Windsor

Canada, U.S. slowly addressing chemical pollution in Great Lakes

American and Canadian governments have been slow to address chemical pollution in the Great Lakes, according to the International Joint Commission (IJC); however, they are making some progress.

International Joint Commission says it's important to get a handle on new chemicals in the Great Lakes

Blue-green algae in the Great Lakes. (Haraz N. Ghanbari/Associated Press)

American and Canadian governments have been slow to address chemical pollution in the Great Lakes, according to the International Joint Commission (IJC).

The commission wants governments on both sides of the border to follow the Great Lakes Water Quality Agreement and speed up the process of identifying chemicals of mutual concern.

"It's important to note that the governments are beginning this process and this is a new agreement," said Michael Mezzacapo, University of Michigan Sea Grant Fellow. "It does take a little bit of time for things to ramp up and really stop spinning their wheels and eventually they're going to get some traction."

However, Mezzacapo, who works in the commission's Windsor headquarters, does say there is a bit of progress being made.

You only have to look toward the past to understand why it's important to address these items now.- Michael Mezzacapo, International Joint Commission

"You only have to look toward the past to understand why it's important to address these items now and why we should be concerned," said Mezzacapo.

"Because it's important to get a handle on especially the new and emerging chemicals like these flame retardants because we're not really sure what the overall impact will be," he said.

The IJC is responsible for regulating shared water uses between Canada and the U.S., as well as investigating transboundary issues and recommending solutions. Pollution levels in the Great Lakes have been dramatically reduced over the past 40 years.

Chemicals in fish decreasing

Another "wonderful trend" across the Great Lakes is the decreasing concentration of PCBs in fish tissue, which is a chemical called polychlorinated biphenyls.

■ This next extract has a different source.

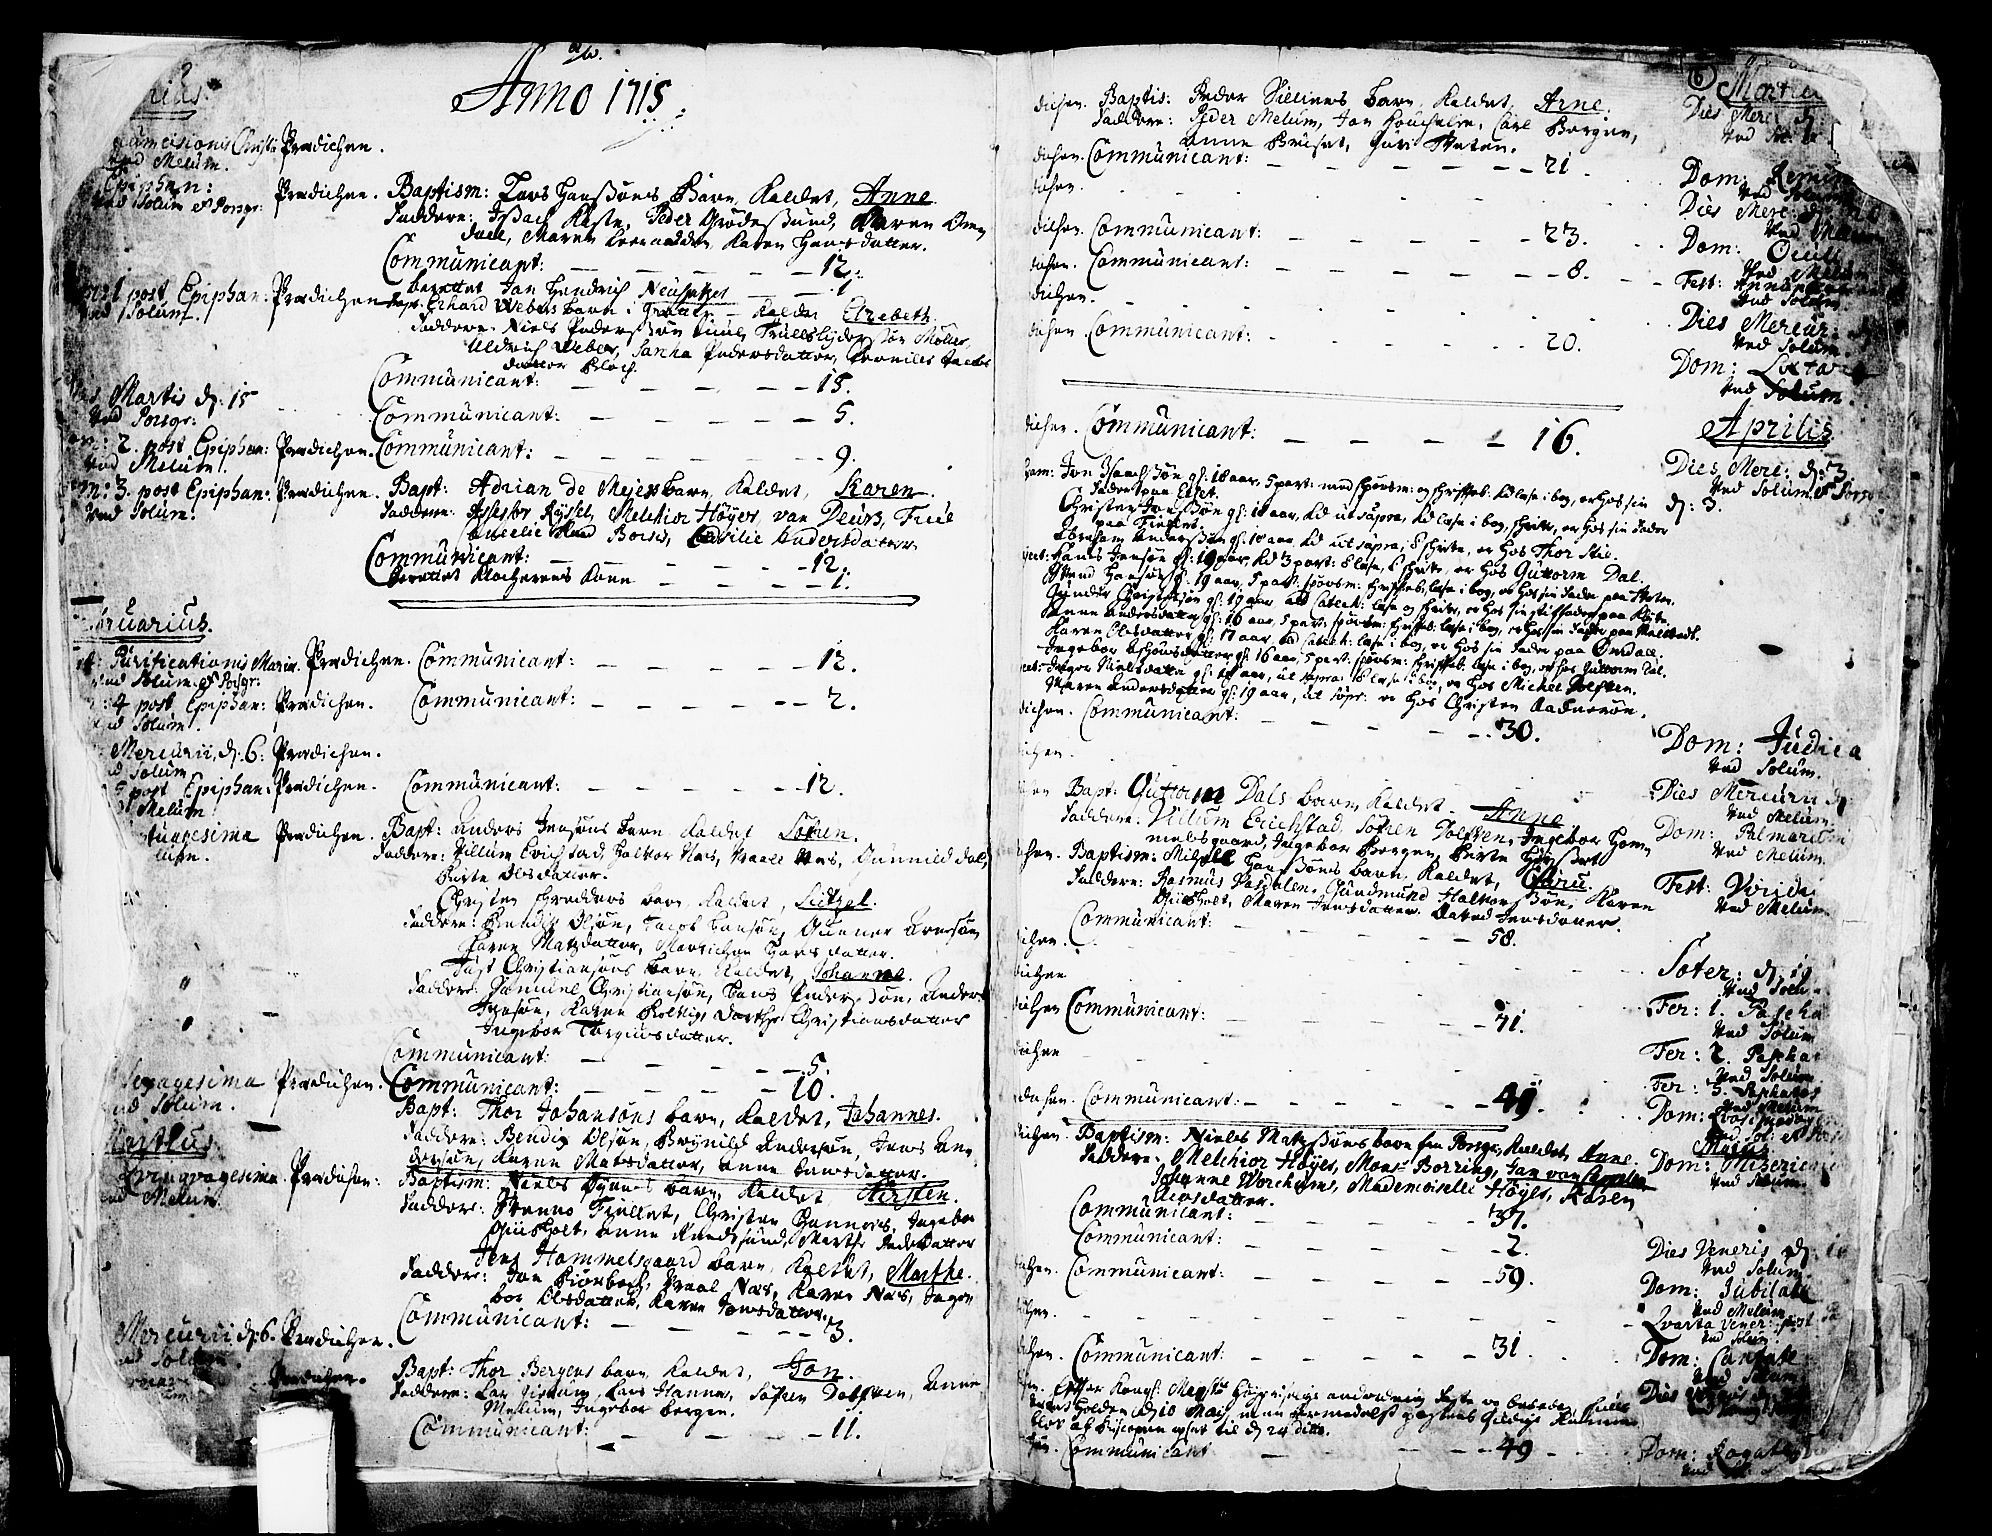 SAKO, Solum kirkebøker, F/Fa/L0002: Ministerialbok nr. I 2, 1713-1761, s. 5

A silver carp that was caught approximately 14 kilometres away from Lake Michigan. (Illinois Department of Natural Resources via AP, File)

It's not just the government that is responsible for the Greak Lakes. Everyone has a part to play in making sure the waterways are clean, Mezzacapo said.

Use cinnamon instead of pesticides

He recommends individuals help by taking care with the products they use on their lawns and gardens. Finding natural alternatives to pesticides or herbicides can also help.

"Instead of using a pesticide, you can use cinnamon to retract ants from your kitchen countertop," Mezzacapo.